Но, поднося скрученную и склеенную папиросу ко рту, приезжий задерживает ее и, не закуривая ее, отпускает. Упругая память что-то отметила. Он вглядывается в окружающих; он проверяет. Что-то сильно отвлекло его внимание, так сильно, что, когда очередь доходит до него и ему нужно отвечать оппонентам, он в первых словах как-то не уверен, словно ищет утерянную нить мысли. Но он быстро находит ее и разбивает своих противников легко и остроумно, как всегда.
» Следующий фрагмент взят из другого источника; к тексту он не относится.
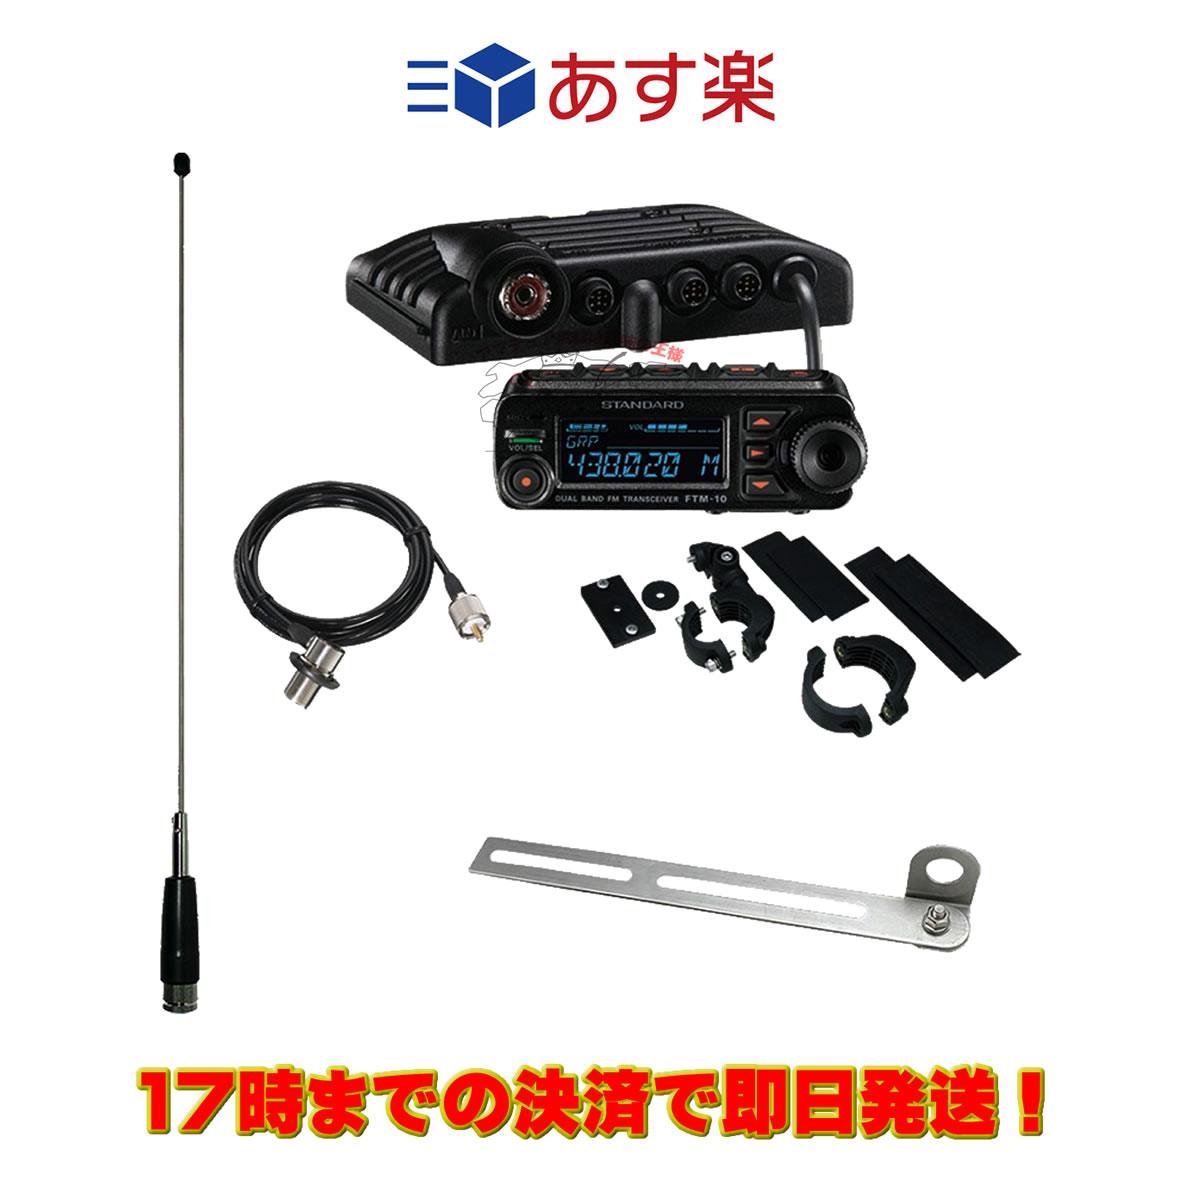 FTM-10SJMK スタンダード 144/430MHz 防水型FMデュアルバンドトランシーバー 10W(430MHz:7W)

Кончая, он снова оглядывает собравшихся, в чем-то окончательно убеждается и, наклоняясь к сидящему возле него на траве организатору массовки, шепчет:
- Вот того парня, который сидит возле беленькой девицы, справа, вы хорошо знаете?
Организатор глядит на того, кого ему указал приезжий, и уверенно отвечает:
- Да, хорошо. Это верный товарищ.
Приезжий удовлетворенно кивает головой.
- Превосходно, когда будем расходиться, задержите его. Поговорим!..
Массовка кончается. С массовки расходятся с такими же предосторожностями, как и собираются. По-одиночке, не больше, чем по-двое, растекаются по лесу, тают между деревьями и кустарниками.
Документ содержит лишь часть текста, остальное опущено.